Taken together, these results suggest that though telemedicine could provide an opportunity to extend the temporal and physical boundaries of care in SNFs, in practice this did not happen consistently.2,18,23 One exception may be in rural areas with a shrinking physician workforce, where telemedicine might be the only feasible option for receiving timely care.18,33 We found that clinicians using the most telemedicine were more likely to serve rural areas and visited more SNFs. Access to mental health care was also particularly important as depressive symptoms increased in nursing home residents during the pandemic, likely as a result of restricted visiting and increased isolation.34,35
Telemedicine use was also highly concentrated among a small group of clinicians, suggesting that staff and clinician preferences were likely an important driver in the magnitude of telemedicine implementation. In a small qualitative study, SNF staff deemed that telemedicine visits of routine care were inferior to a physician actually visiting the facility and noted that telemedicine encounters increased staff workload because of new and redundant tasks that were not offset with reduction in other responsibilities.18 In interviews, physicians practicing at SNFs also noted that while organization resources are critical, staff time to prepare for and facilitate a telemedicine encounter is an even larger bottleneck.36 Increased workload combined with staffing shortages, preferences of the older patients typically residing in nursing homes,37,38 and a lack of investment in technology18,39 could have led to telemedicine being used only transiently in 2020 to 2021.
Limitations
Our study has limitations.
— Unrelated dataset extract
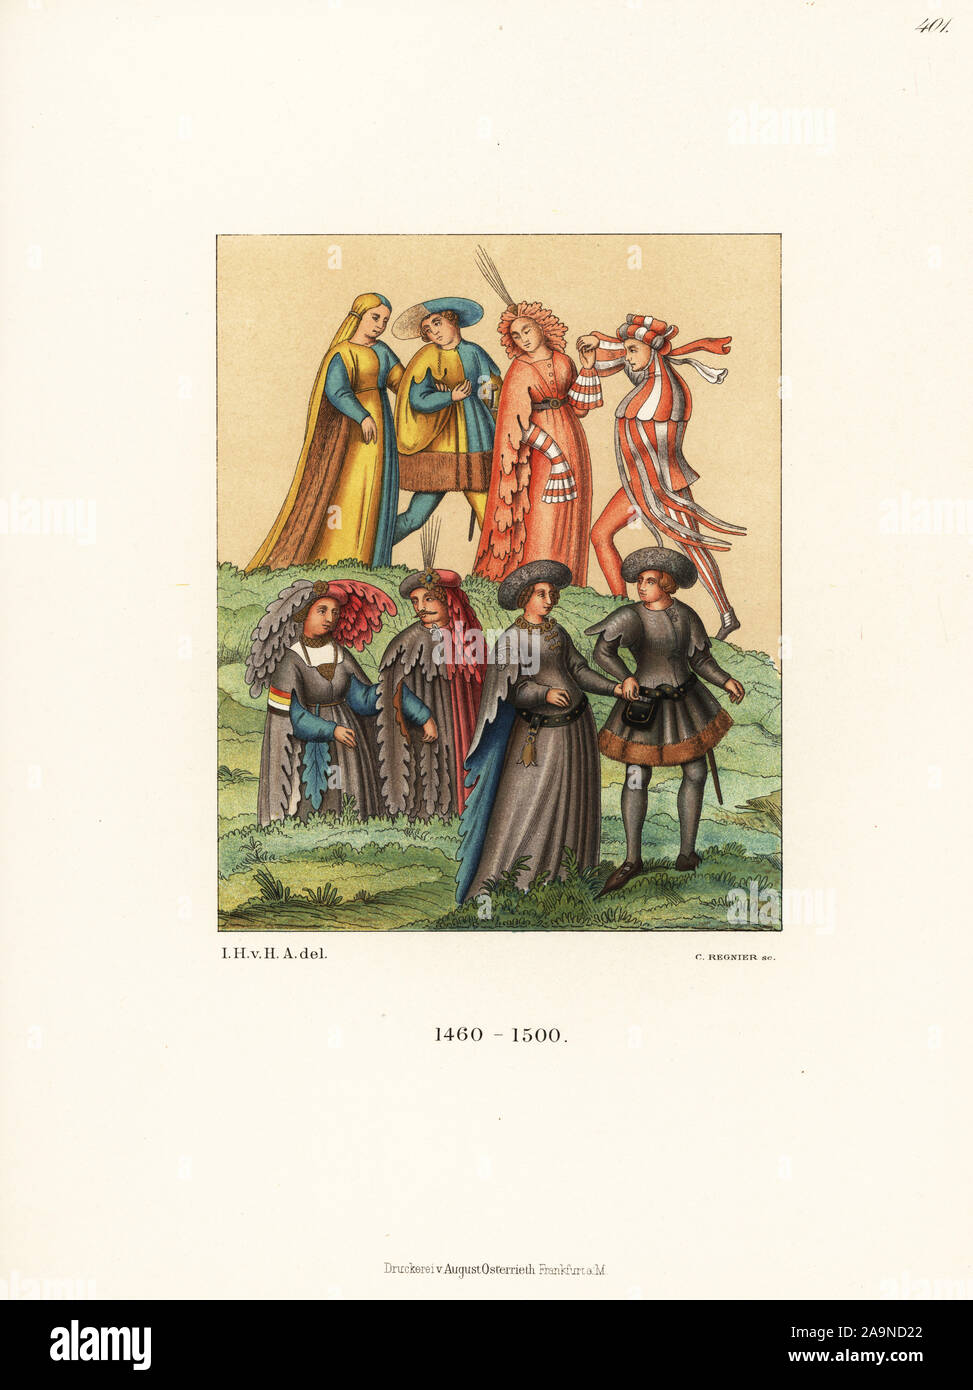 German fashions of the late 15th century from Matthaus Schwarz’s Book of Clothes, Trachtenbuch. Chromolithograph from Hefner-Alteneck's Costumes, Artworks and Appliances from the Middle Ages to the 17th Century, Frankfurt, 1889. Illustration by Dr. Jakob Heinrich von Hefner-Alteneck, lithographed by C. Regnier. Dr. Hefner-Alteneck (1811 - 1903) was a German museum curator, archaeologist, art historian, illustrator and etcher. Stock Photo

First, we report telemedicine use only in Medicare fee-for-service beneficiaries, so these results may apply less to residents with different coverage policies, such as Medicare Advantage or Medicaid. Second, we relied on a broad set of indicators in Medicare claims to define telemedicine visits. However, these indicators do not capture the diversity of visit formats, ranging from audio-only calls to technology-facilitated remote physical examinations. We also could not capture other remote services, such as phone consultations directly between a physician and nurse. Third, we are not able to draw causal conclusions of how telemedicine influenced residents’ care and outcomes, as its adoption was most likely nonrandom, particularly in scenarios with existing pre-trends.
Conclusions
This study found that although virtually all policy barriers to telemedicine use in SNFs were removed at the start of the pandemic in 2020, its use remained concentrated in a small proportion of SNFs, especially in 2021 to 2022. We found preliminary evidence that telemedicine adoption might be associated with some changes in patterns of clinical care, potentially leading to improved access to specialty care. Continued reimbursement of telemedicine services in SNFs thus has a potential to improve resident care without substantially increasing its overall volume.